**Task prompt:** Copy exactly, and copy nothing else: the line that contains "China Light Festival" and all lines after it in the listing, without pictures.

**The data:**
<<<<
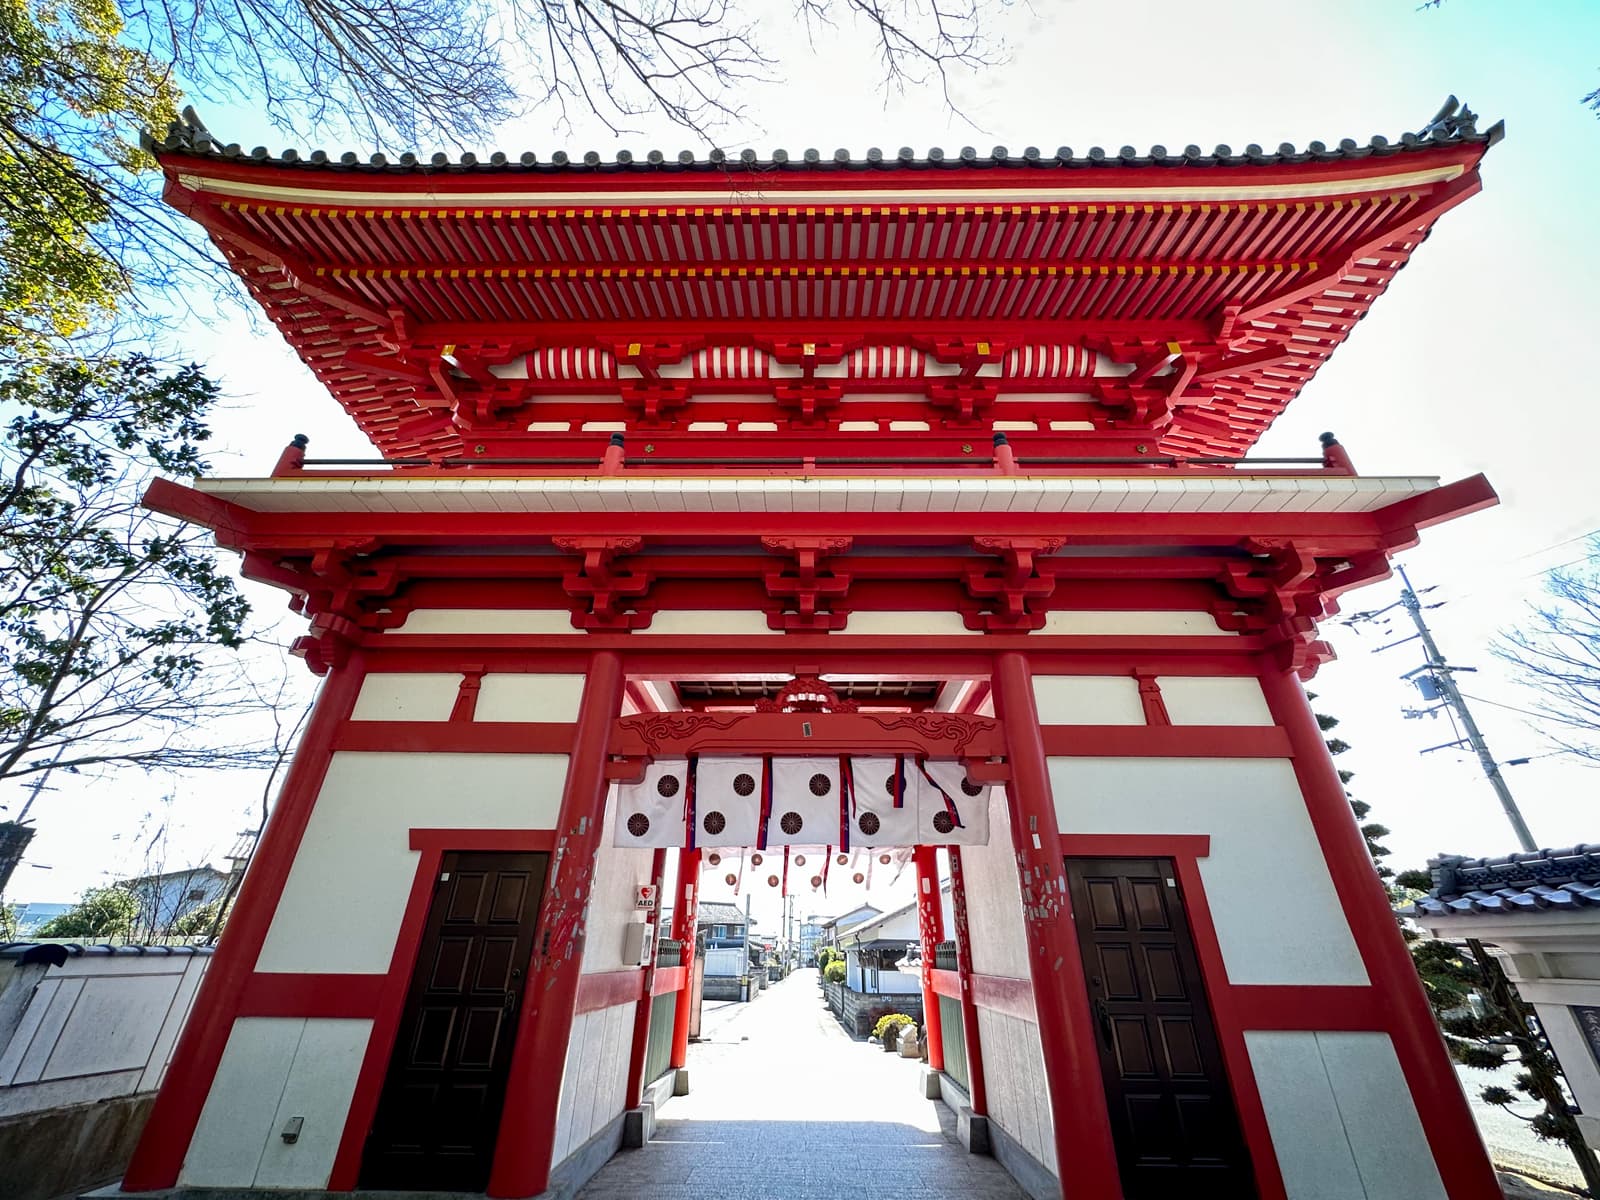 Back of the main gate of Konsenji, temple 3 of the Shikoku Pilgrimage.
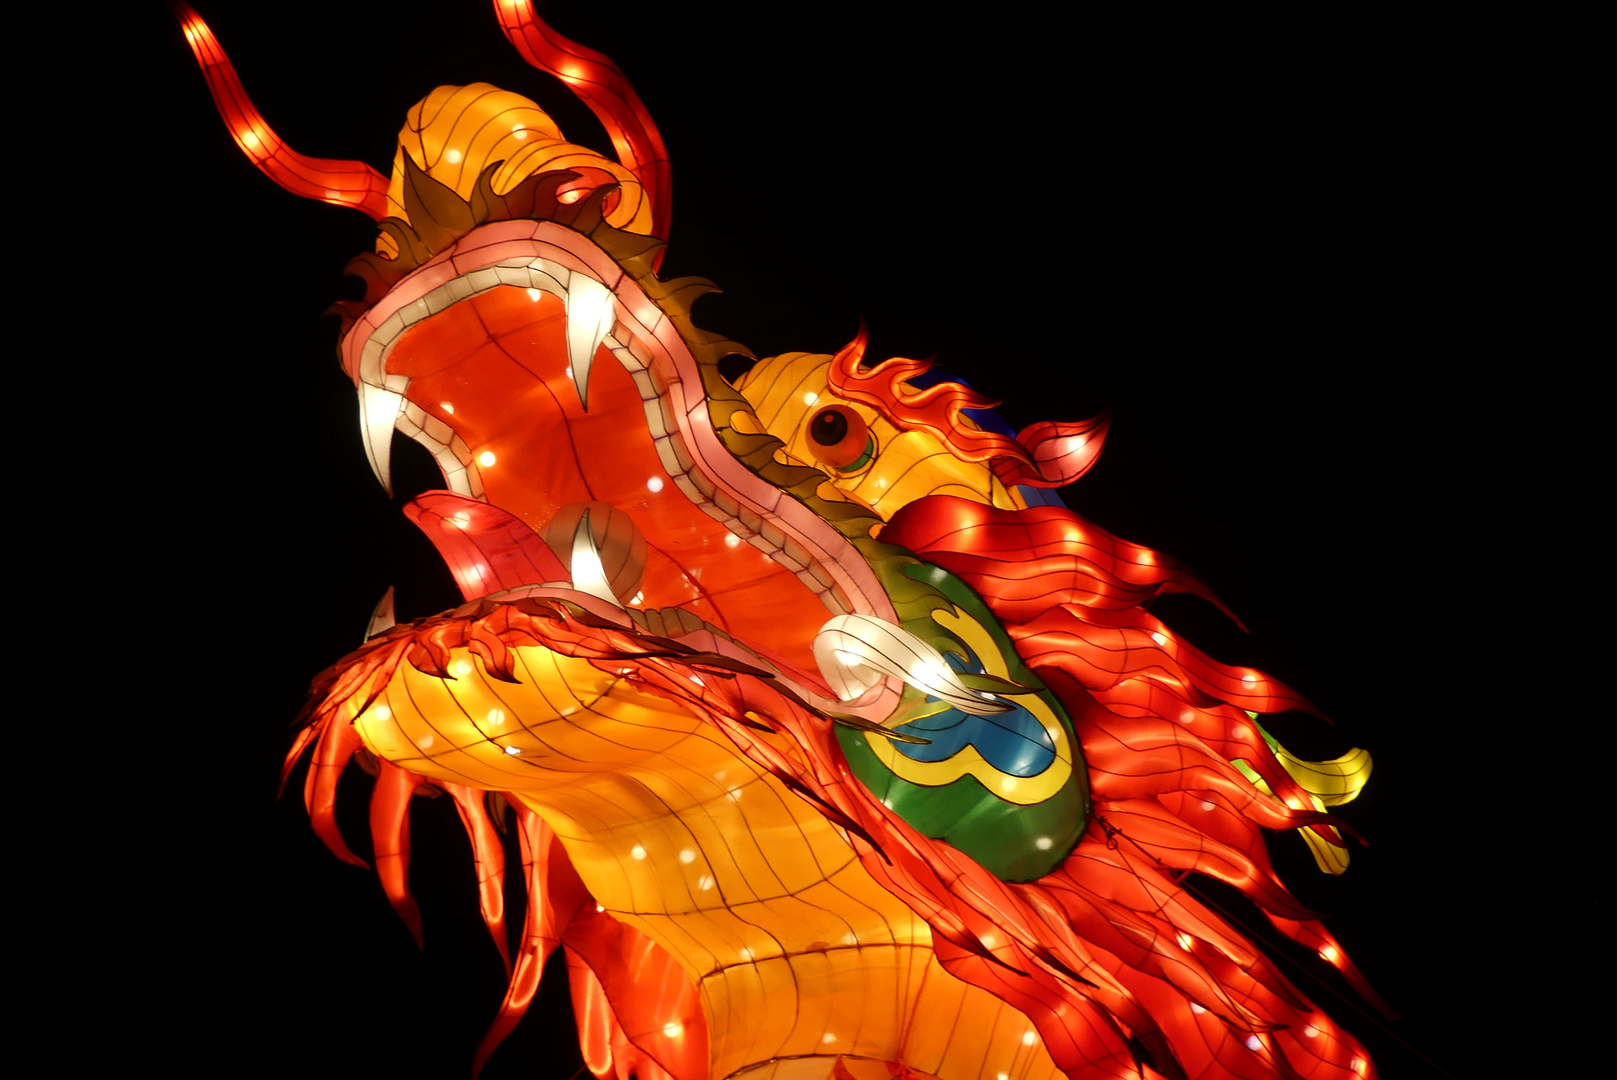 China Light Festival
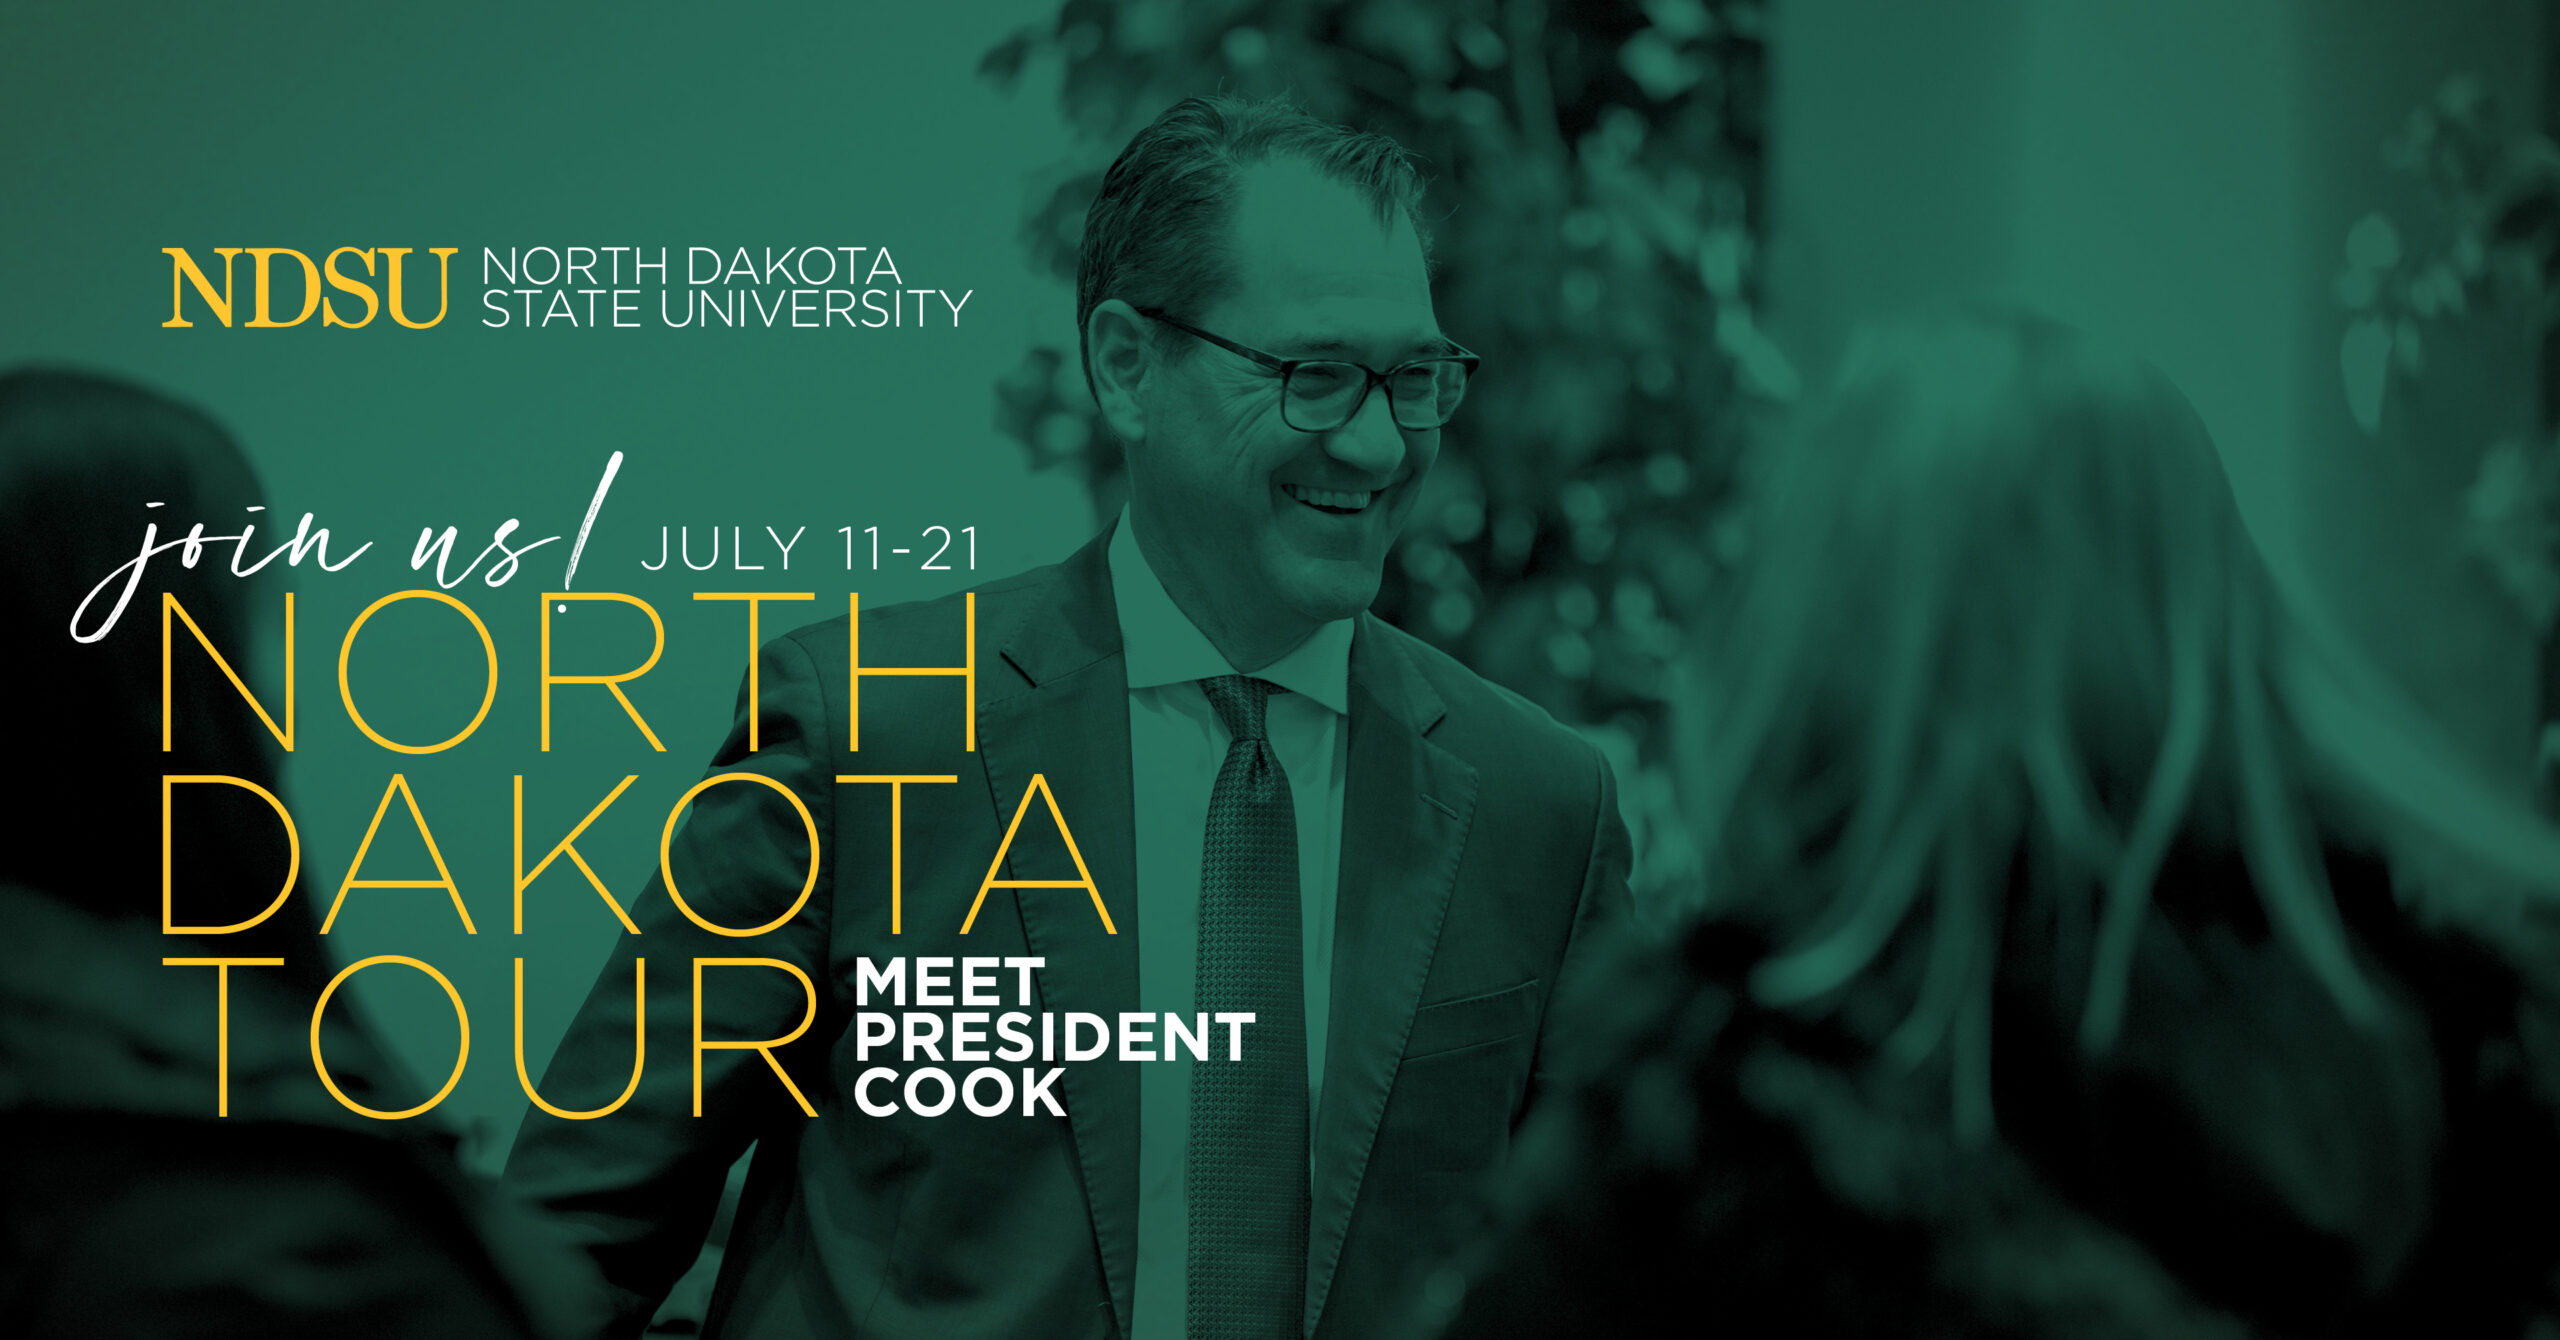 Banner: Join Us! North Dakota Tour | Meet President Cook | July 11-21
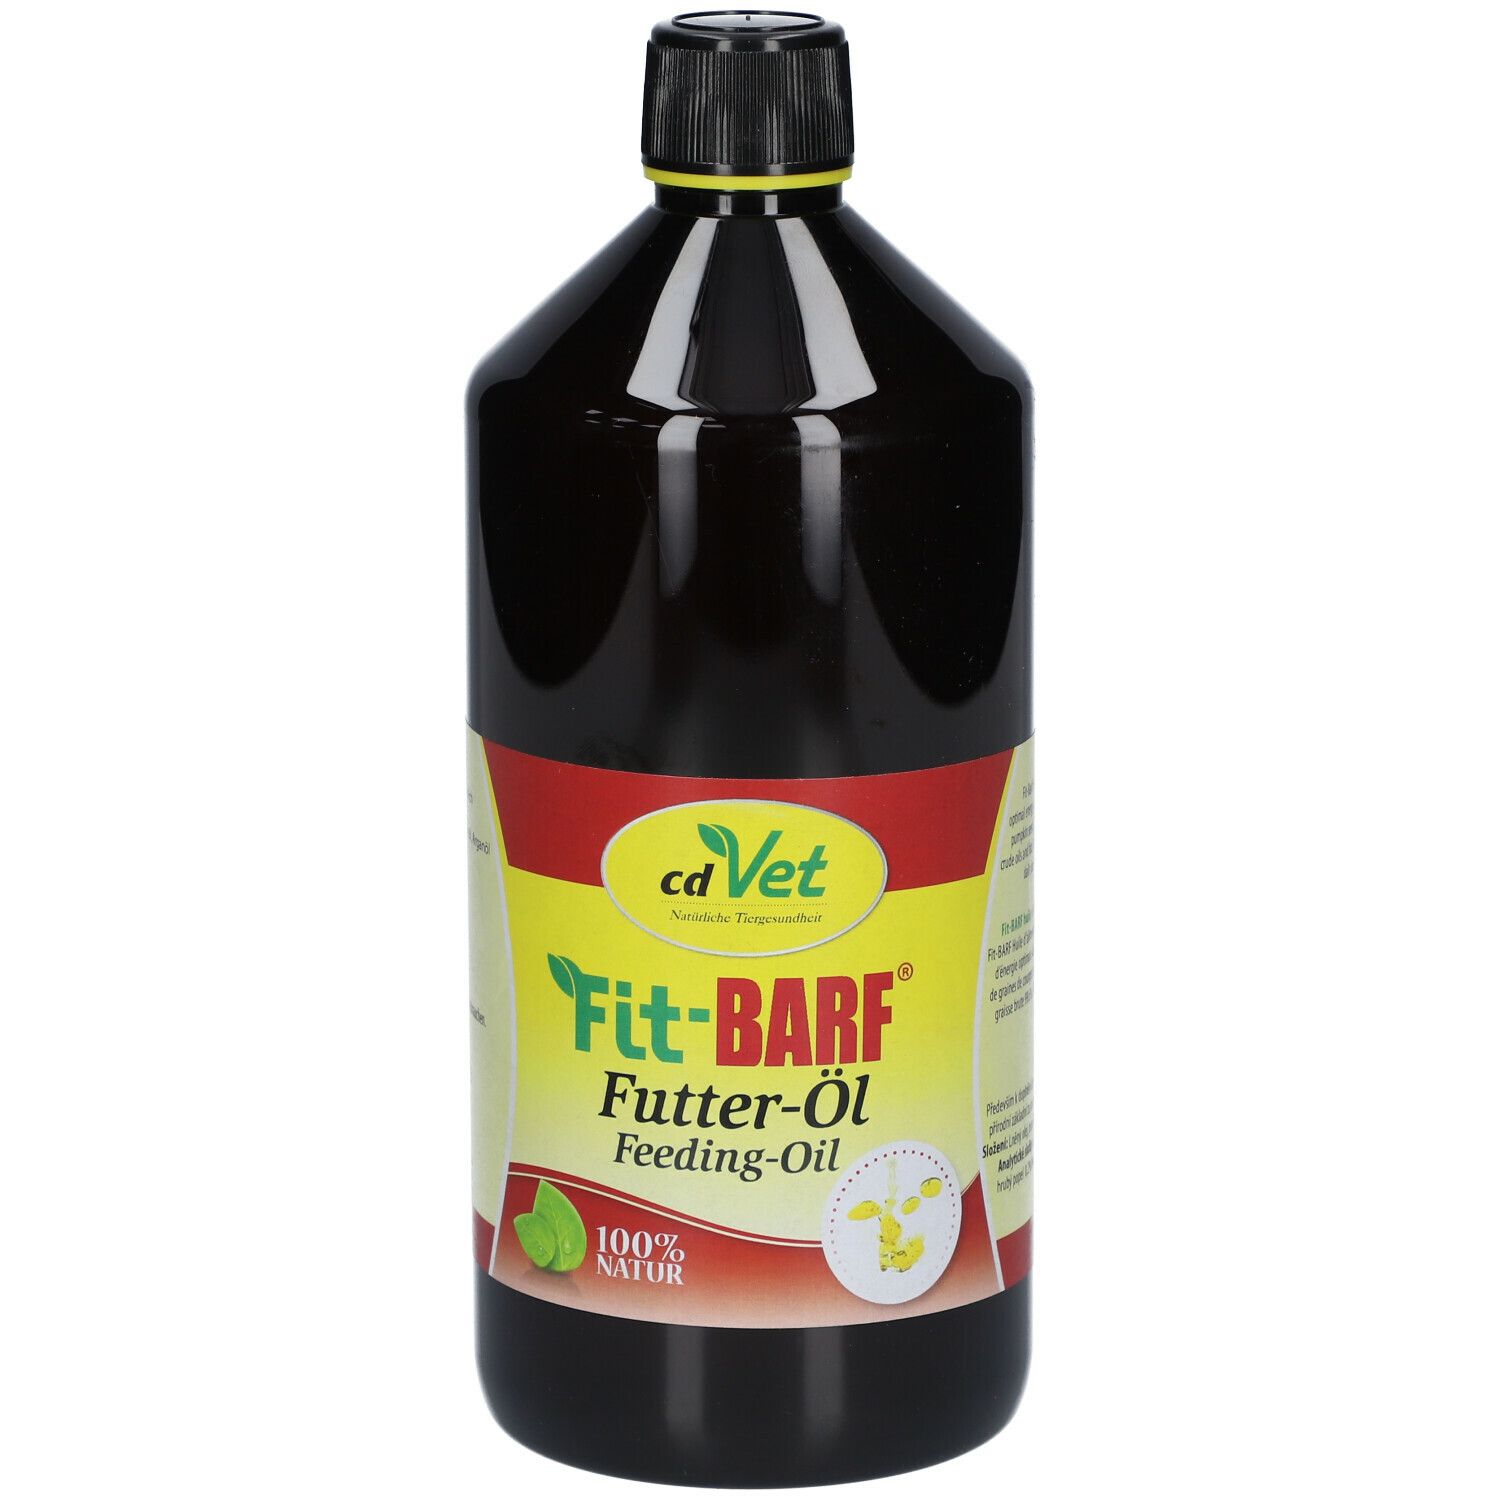 cdVet Fit-Barf® Futter-Öl
>>>>
**Answer to this task:**
 China Light Festival
 Banner: Join Us! North Dakota Tour | Meet President Cook | July 11-21
 cdVet Fit-Barf® Futter-Öl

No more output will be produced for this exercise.